NovelToon NovelToon

Dia Istriku, Bukan Babu

Bab 1 Kejutan Mengejutkanku

Abraham berniat ingin membuat kejutan untuk keluarga dan istrinya, Dengan pulang dari perantauan tanpa mengabari terlebih dahulu, Bahkan demi menyempurnakan kejutan itu laki-laki yang biasa di panggil Abra itu melakukan Vidio Call sebelum pesawat yang akan membawanya kembali ke tanah kelahiran. Ya ... Abra di lahirkan di kota Probolinggo tepatnya di sebuah kabupaten yang mana jauh dari jalan raya besar.

''Ibu, Bagaimana persiapan pernikahan Fitri, Apakah sudah selesai?'' tanya Abra malam harinya sebelum ia pulang.

''Berkat kamu nak, Berkat kamu ibu tak malu dengen acara pernikahan adikmu,'' ucap sang Ibu.

''Oh iya Bu, Apakah uang untuk Naya sudah ibu berikan? Setidaknya bisa buat dia beli baju baru dan skincare, Bu,'' Ucap Abra.
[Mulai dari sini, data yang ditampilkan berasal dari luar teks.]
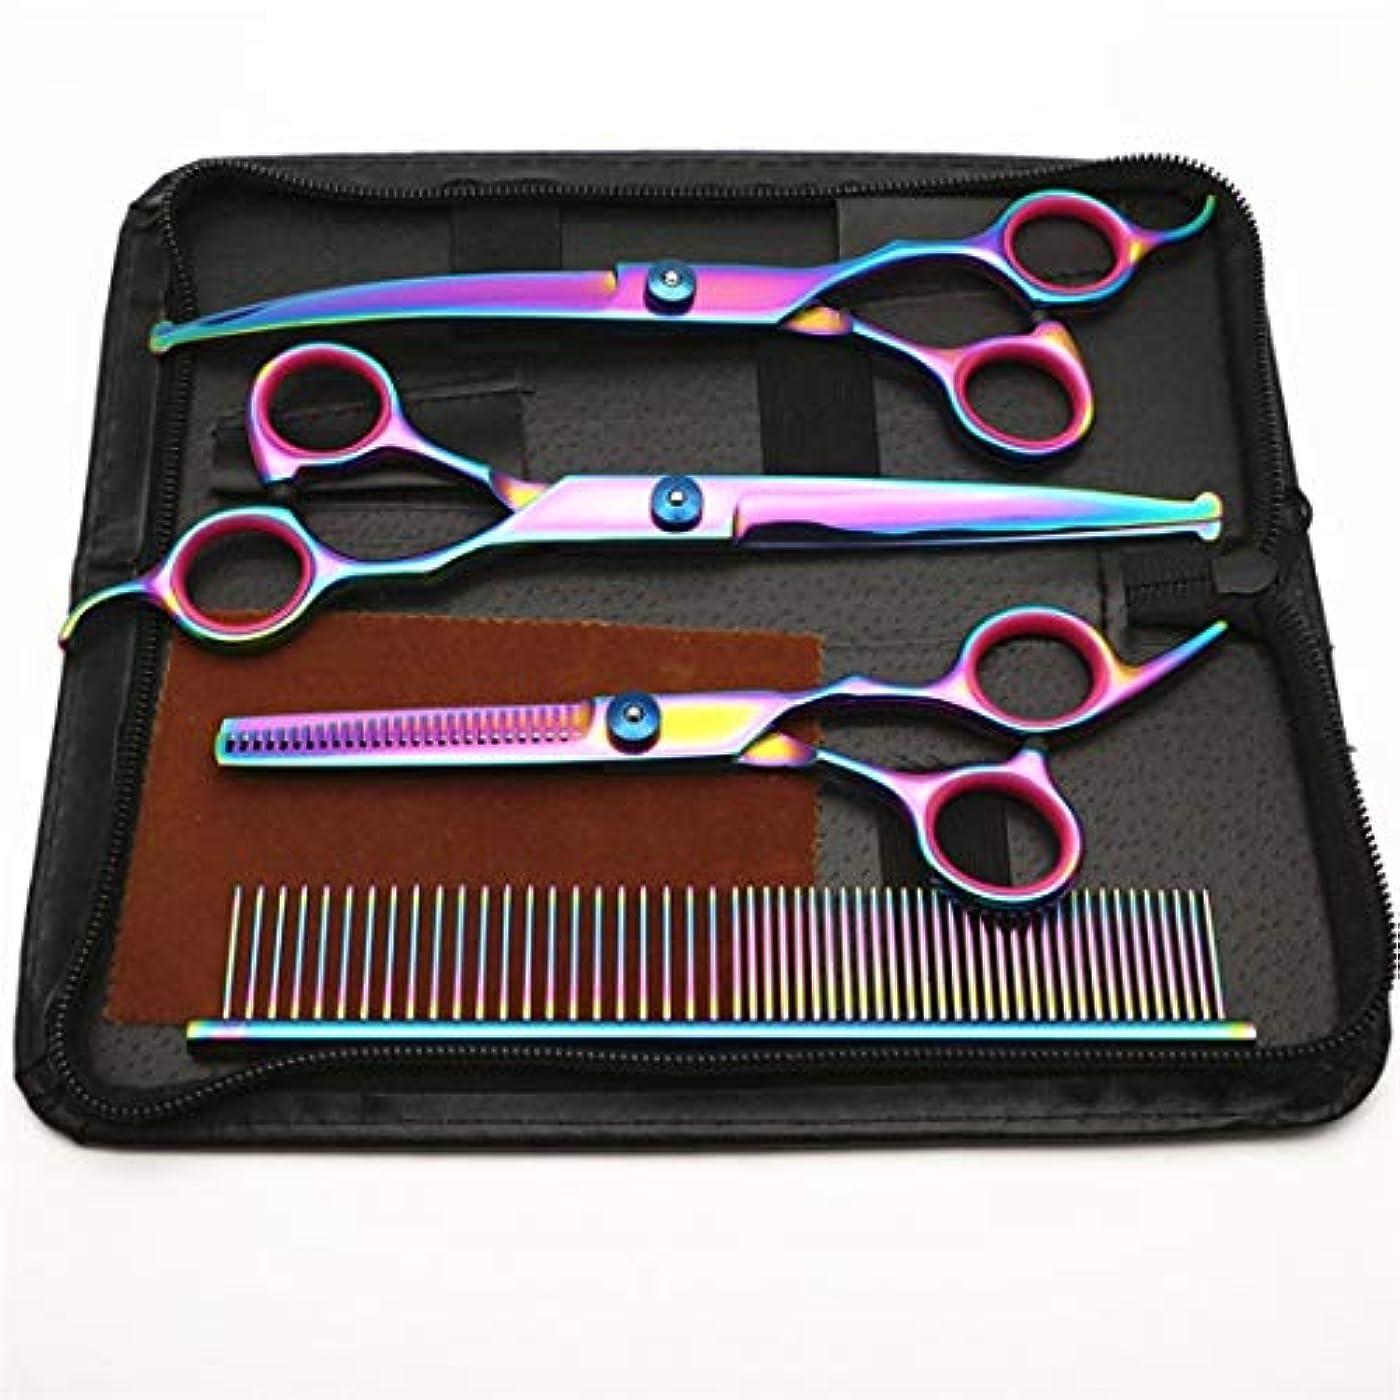 回復する提供されたアフリカ(曲げばさみ/ストレートばさみ/歯科用ハサミ/くし/レザーバッグ/ワイプを送る)5ピースカラー理髪はさみ ヘアケア (色 : 5 piece set)

''Kau jangan cemas, Ibu selalu memberikan apa yang kau berikan padanya, Masa kau tidak percaya sama ibumu, Nak. Tapi saat ini kau tidak bisa bicara dengan istrimu itu, Dia sibuk bantu-bantu para tetangga buat kue,'' ujar Ibunya Abra yag mana Abra tersenyum mengembang, Apalagi melihat wajah ibunya yang glowing, Sudah pasti istrinya juga glowing. Apalagi saat ini Abra sudah naik jabatan di tempat dia bekerja. Abra sudah tak sabar ingin bertemu dengan istri tercintanya itu.

''Ah, Baiklah Bu, Kalau begitu ... Abra tutup dulu ya, Bu. Besok harus bangun pagi sekali,'' ucap Abra.

''Iya, Nak. Jaga kesehatan agar bisa ngasih uang banyak untuk ibu,'' ucap sang ibu dengan tawanya.

''Siap, Bu'' ucap Abra seraya tersenyum  pada sang ibu.

**

**

**

[Abra, Kau yakin tidak mau pulang, Tidakkah kau kasihan pada istrimu?]

Sebuah pesan masuk dari nomor yang tak di kenal.

[Kau siapa, dan apa maksudmu?] balas Abra dengan perasaan tak nyaman.

[Aku Bu Mina, pemiliki warung yang ada di depan rumahmu, Ibu harap kau tidak lupa pada Ibu,] ucap Bu Mina dalam pesan itu.

[Ya, Abra ingat ibu, lalu apa maksud ibu dengan tidak kasihan ada istriku, Apa yang terjadi padanya?]

[Ketika kau baru pergi, tiga bulan setelah itu istrimu megalami keguguran, Tapi tidak ada yang membawanya kerumah sakit, dia hanya di bawa keseorang dukun bayi, dan saat ini ...Tubuhnya sudah sangat kurus sedangkan keluargamu kayak orang kota, Apalagi besok, Ibumu hanya meminta bantuan beberapa orang tetagga dan selebihnya istrimu lah yang mengerjakannya] balas Bu Mina dengan panjag lebar.

''Keguguran? Naya sempat hamil anak kami?'' tanya Abra pada diri sendiri, Memang sebelum Abra pergi istrinya sempat mengatakan kalau ia telat datang bulan, dan setelah itu tidak ada kabar lagi tentang telatnya datang bulan itu, Memang sangat mencurigakan, Ketika Abra Vidio call dengan sang istri alasannya sang istri repot dan Abra juga jarang melakukan Vidio Call dengan sang istri, Banyak alasan yang di berikan ibu dan para adiknya jika Abra menghubungi istrinya.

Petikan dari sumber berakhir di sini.